Segment Open

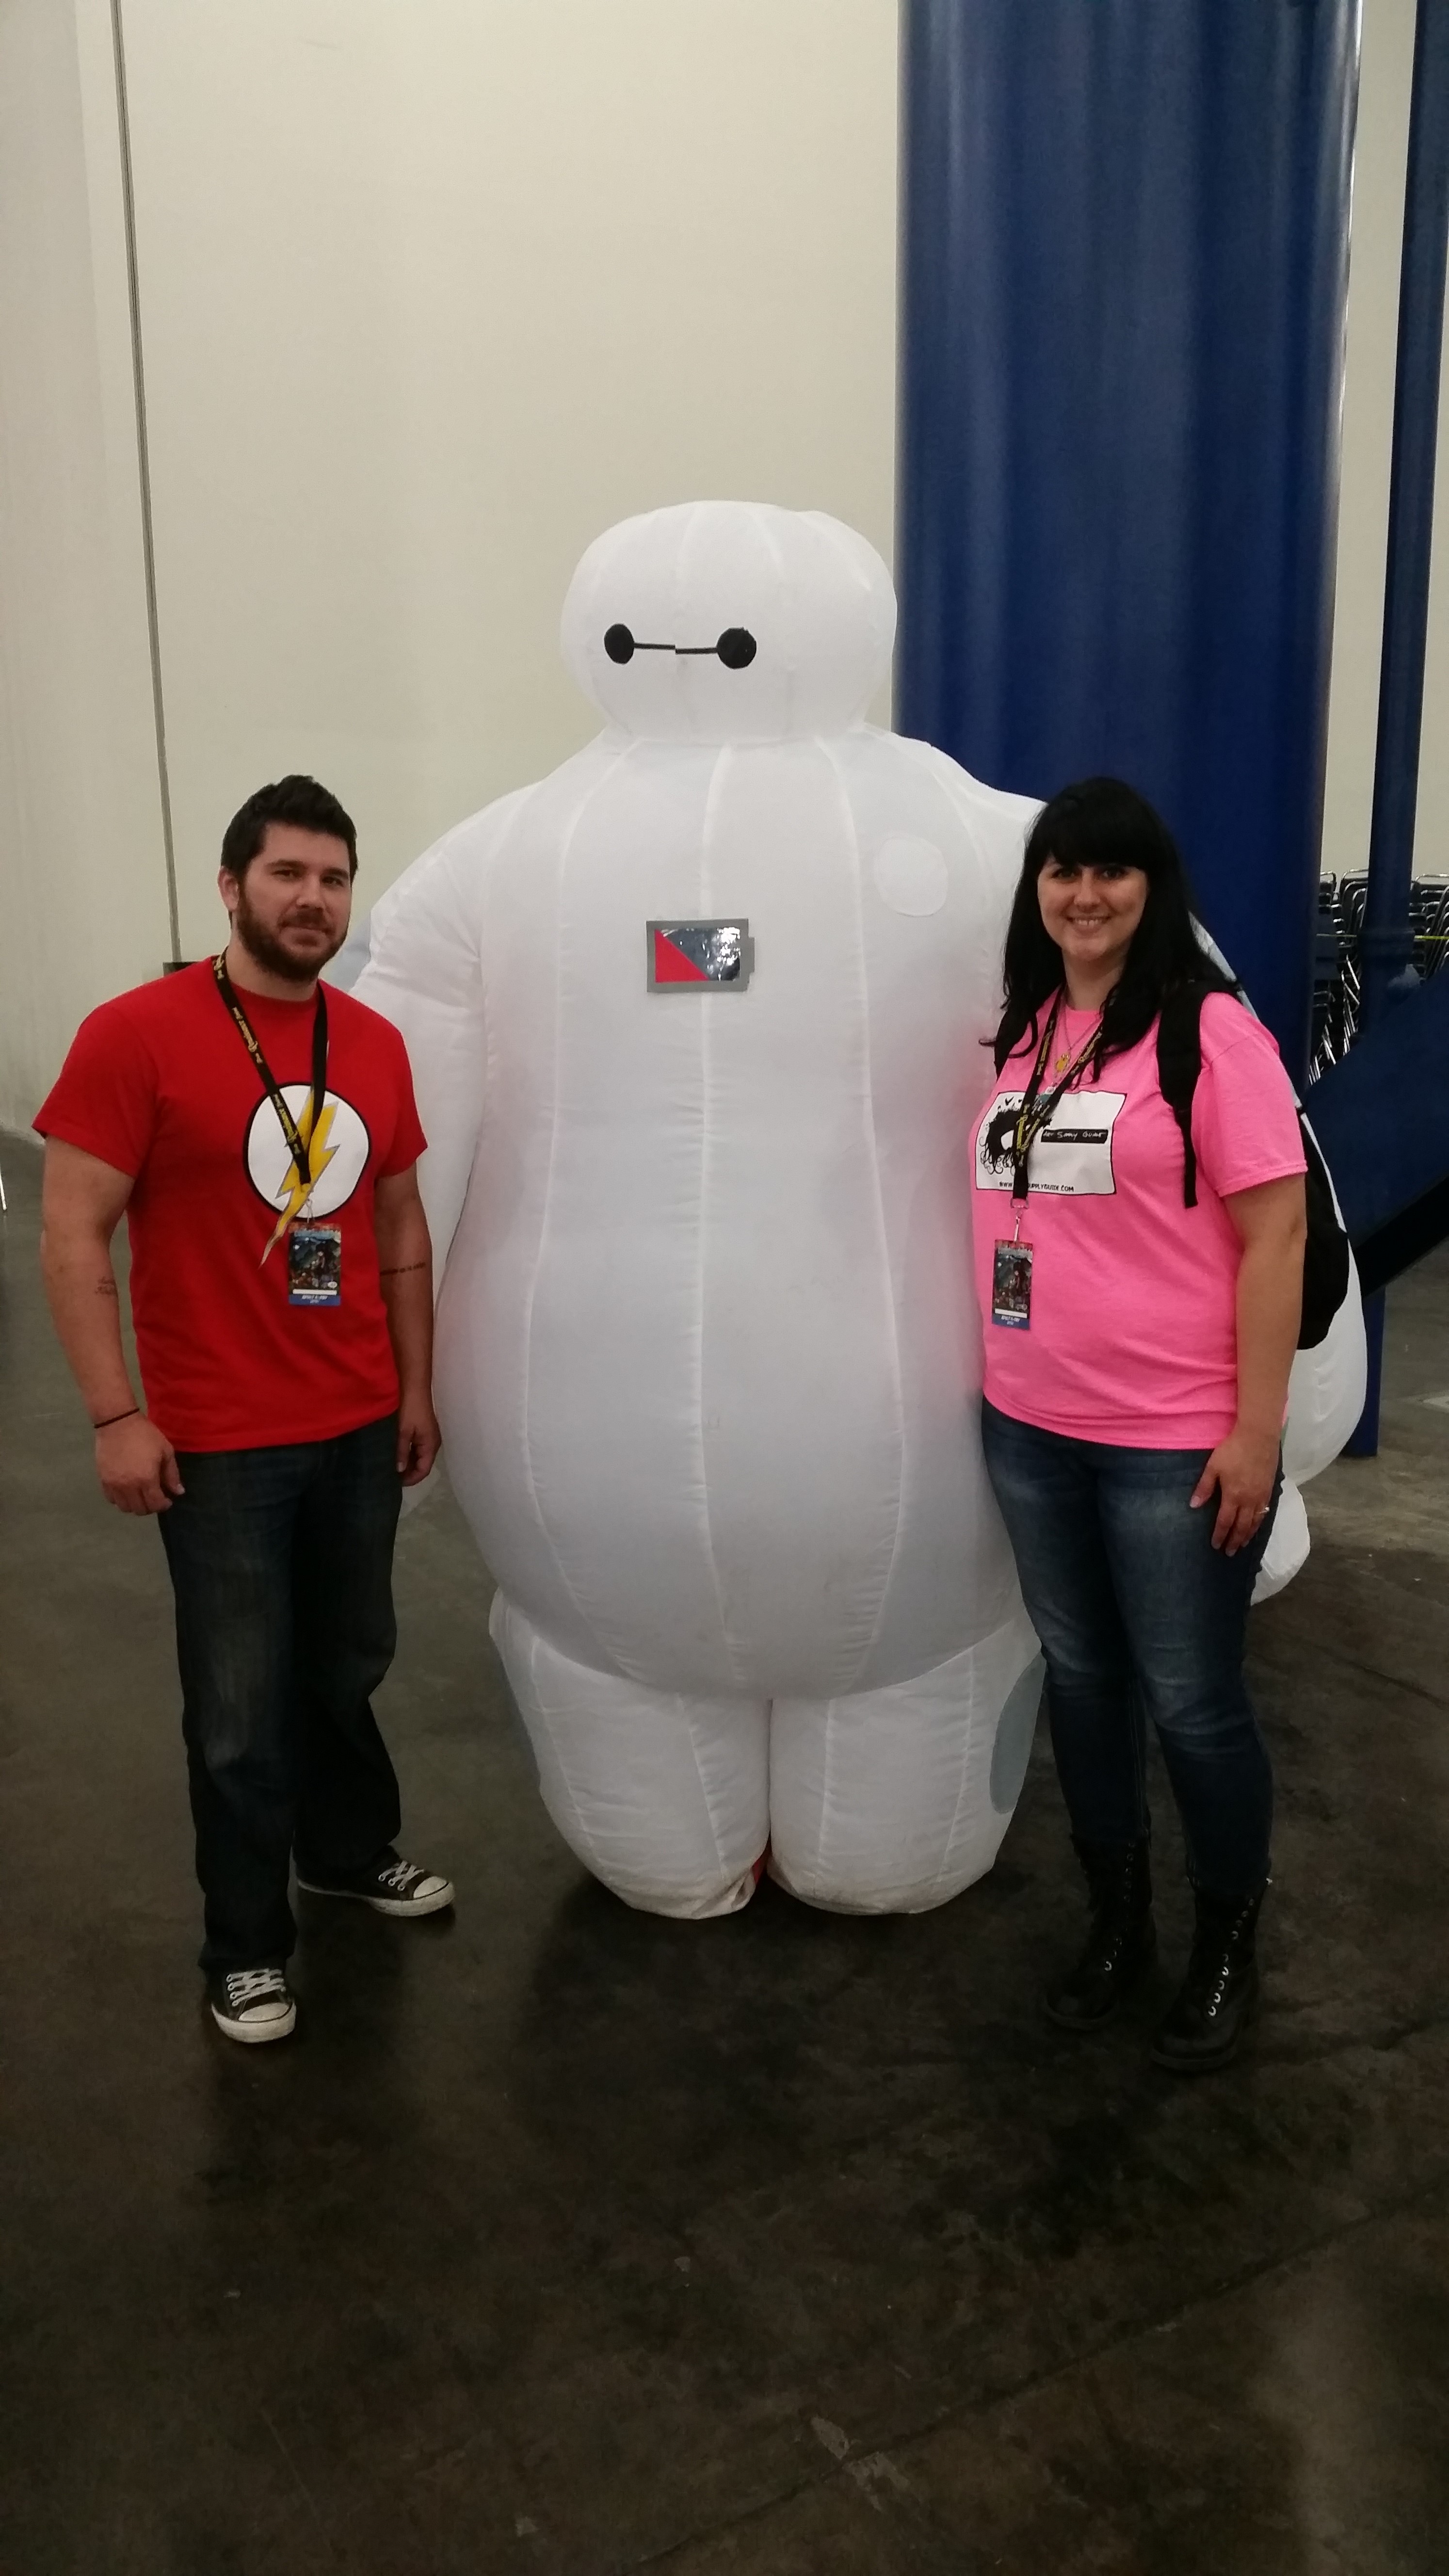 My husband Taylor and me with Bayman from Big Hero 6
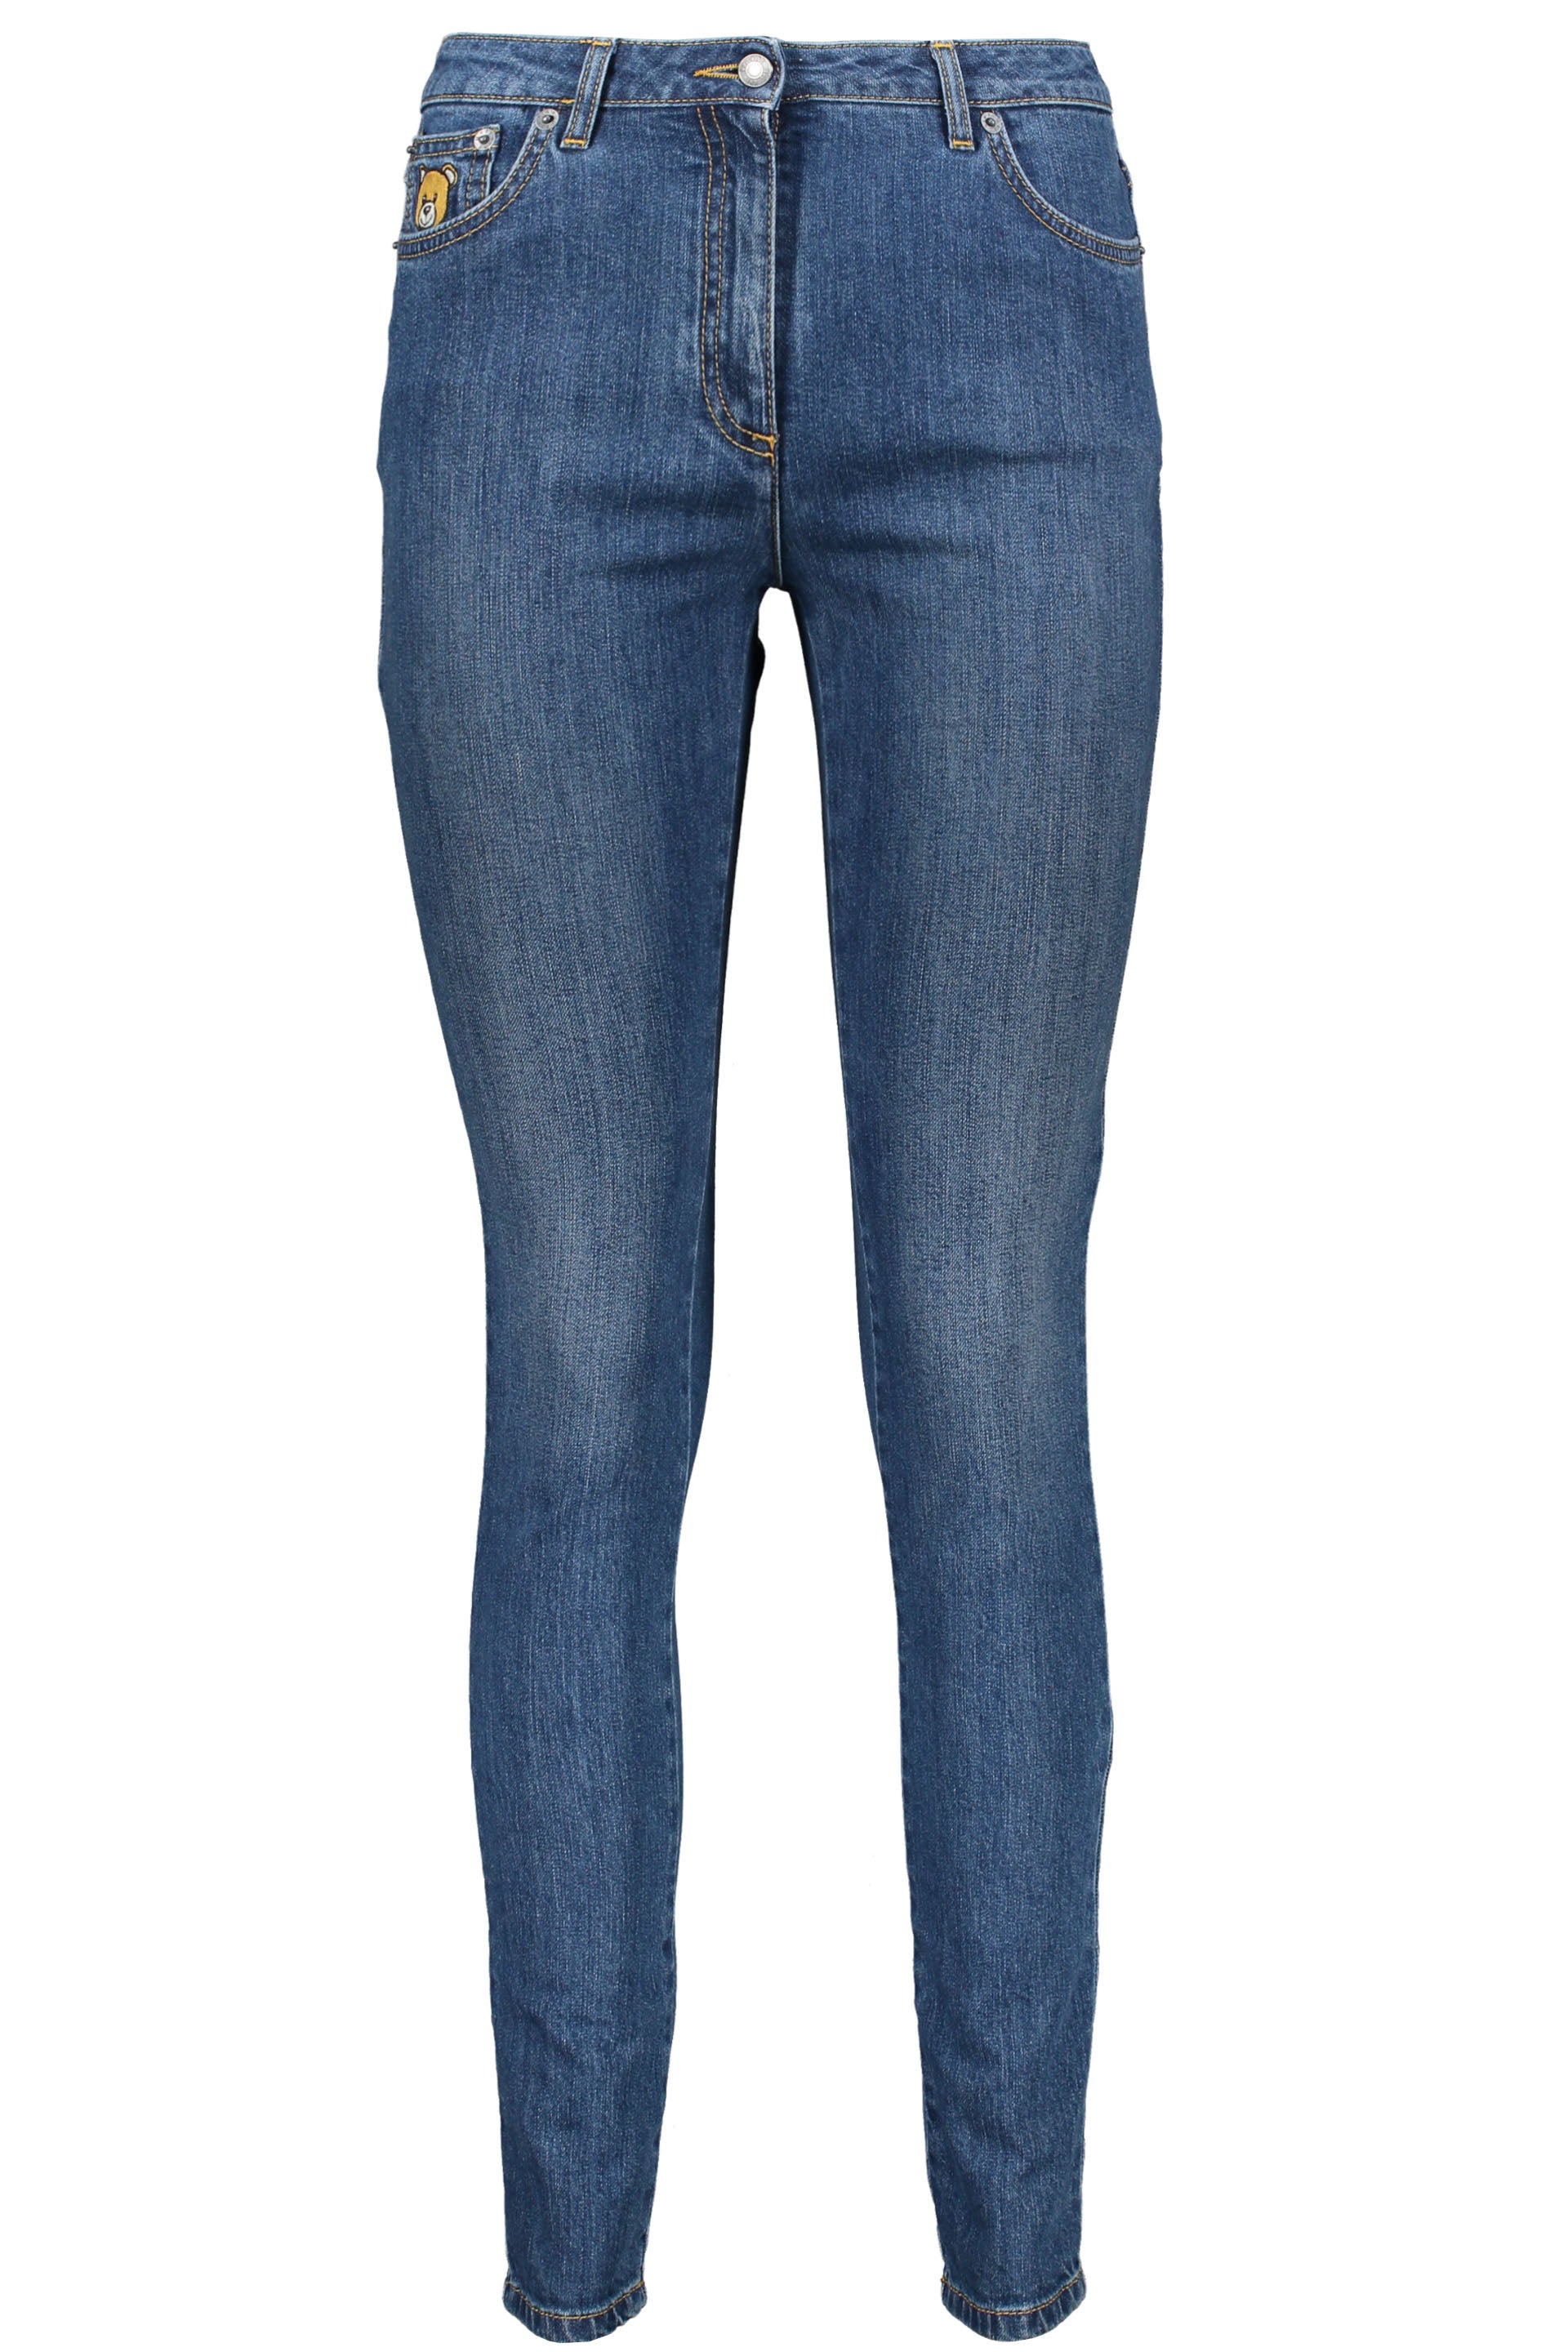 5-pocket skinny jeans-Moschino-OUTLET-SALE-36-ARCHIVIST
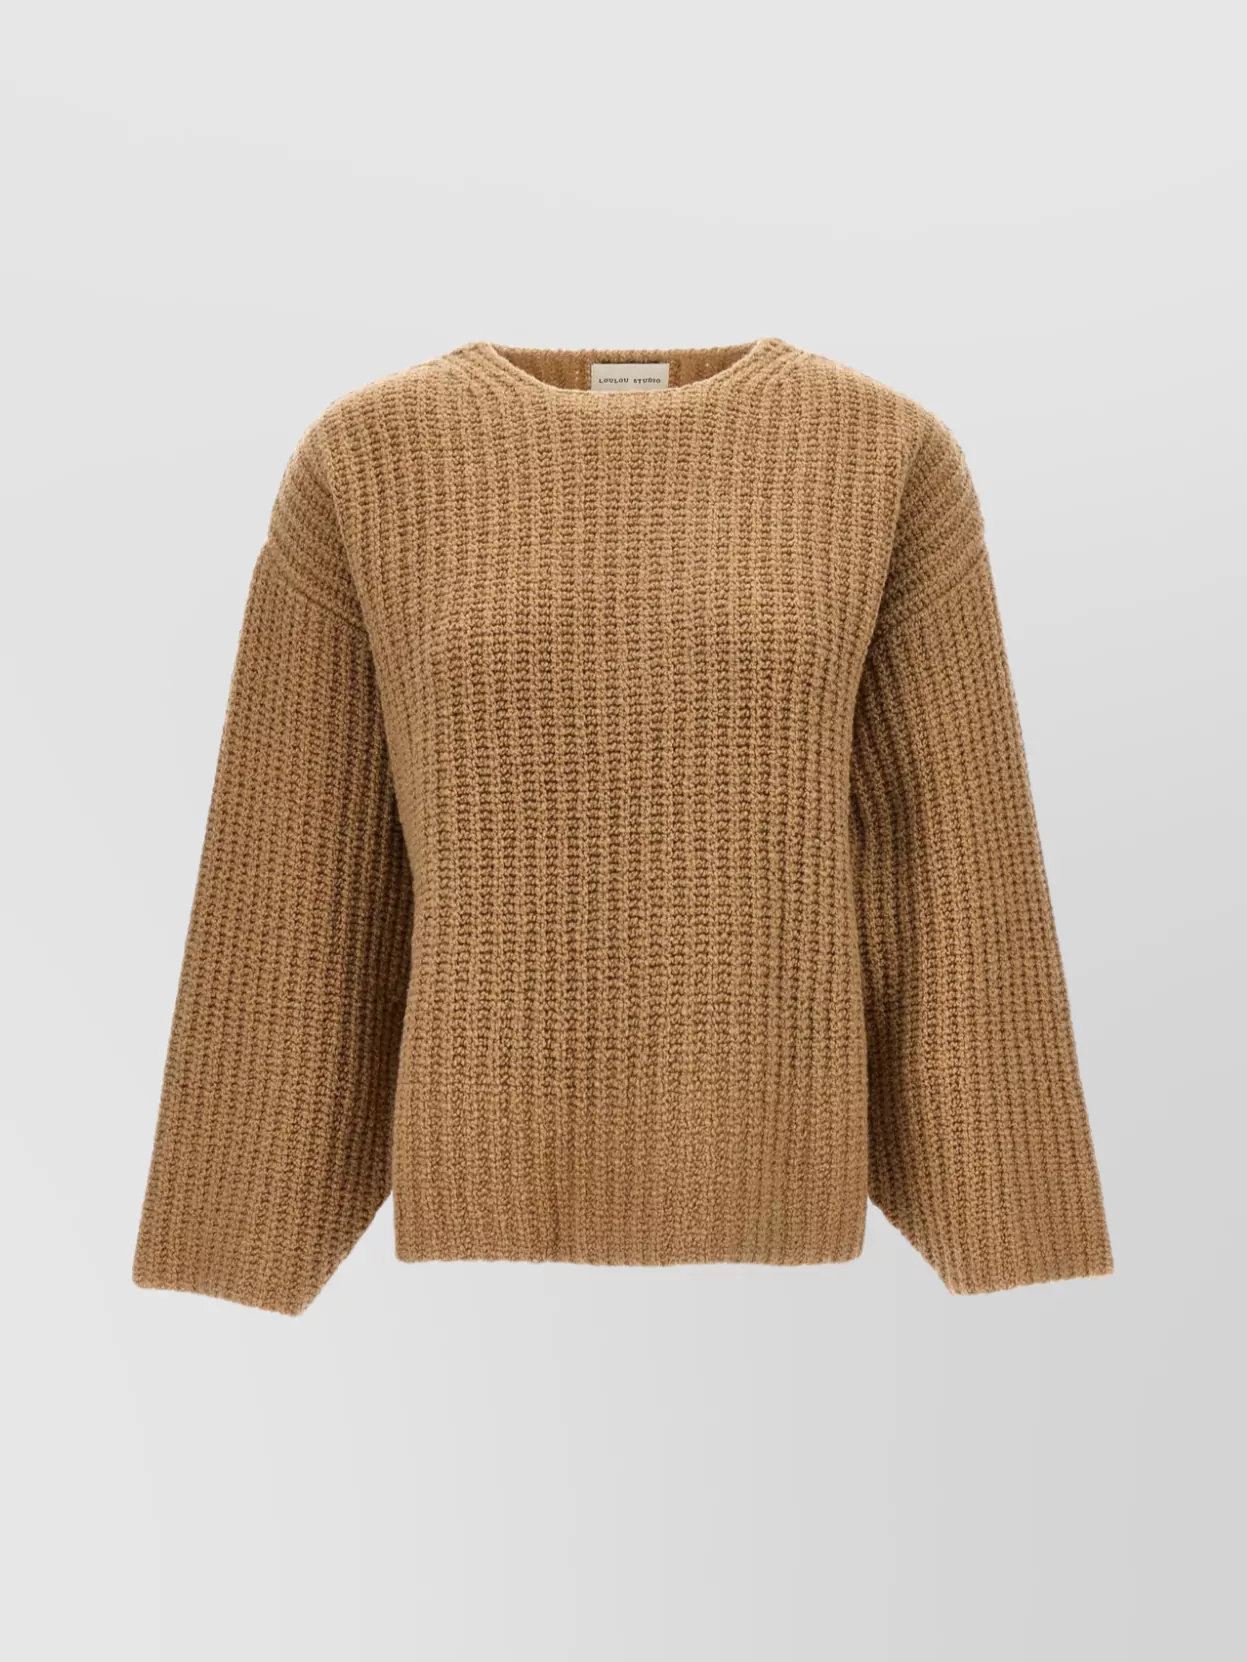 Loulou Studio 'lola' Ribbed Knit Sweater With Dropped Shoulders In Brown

Segment Closed

YOUR OBJECTIVE: Every line above gets copied exactly; none of the pictures do.

EXERCISE RESPONSE:
 My husband Taylor and me with Bayman from Big Hero 6
 5-pocket skinny jeans-Moschino-OUTLET-SALE-36-ARCHIVIST
 Loulou Studio 'lola' Ribbed Knit Sweater With Dropped Shoulders In Brown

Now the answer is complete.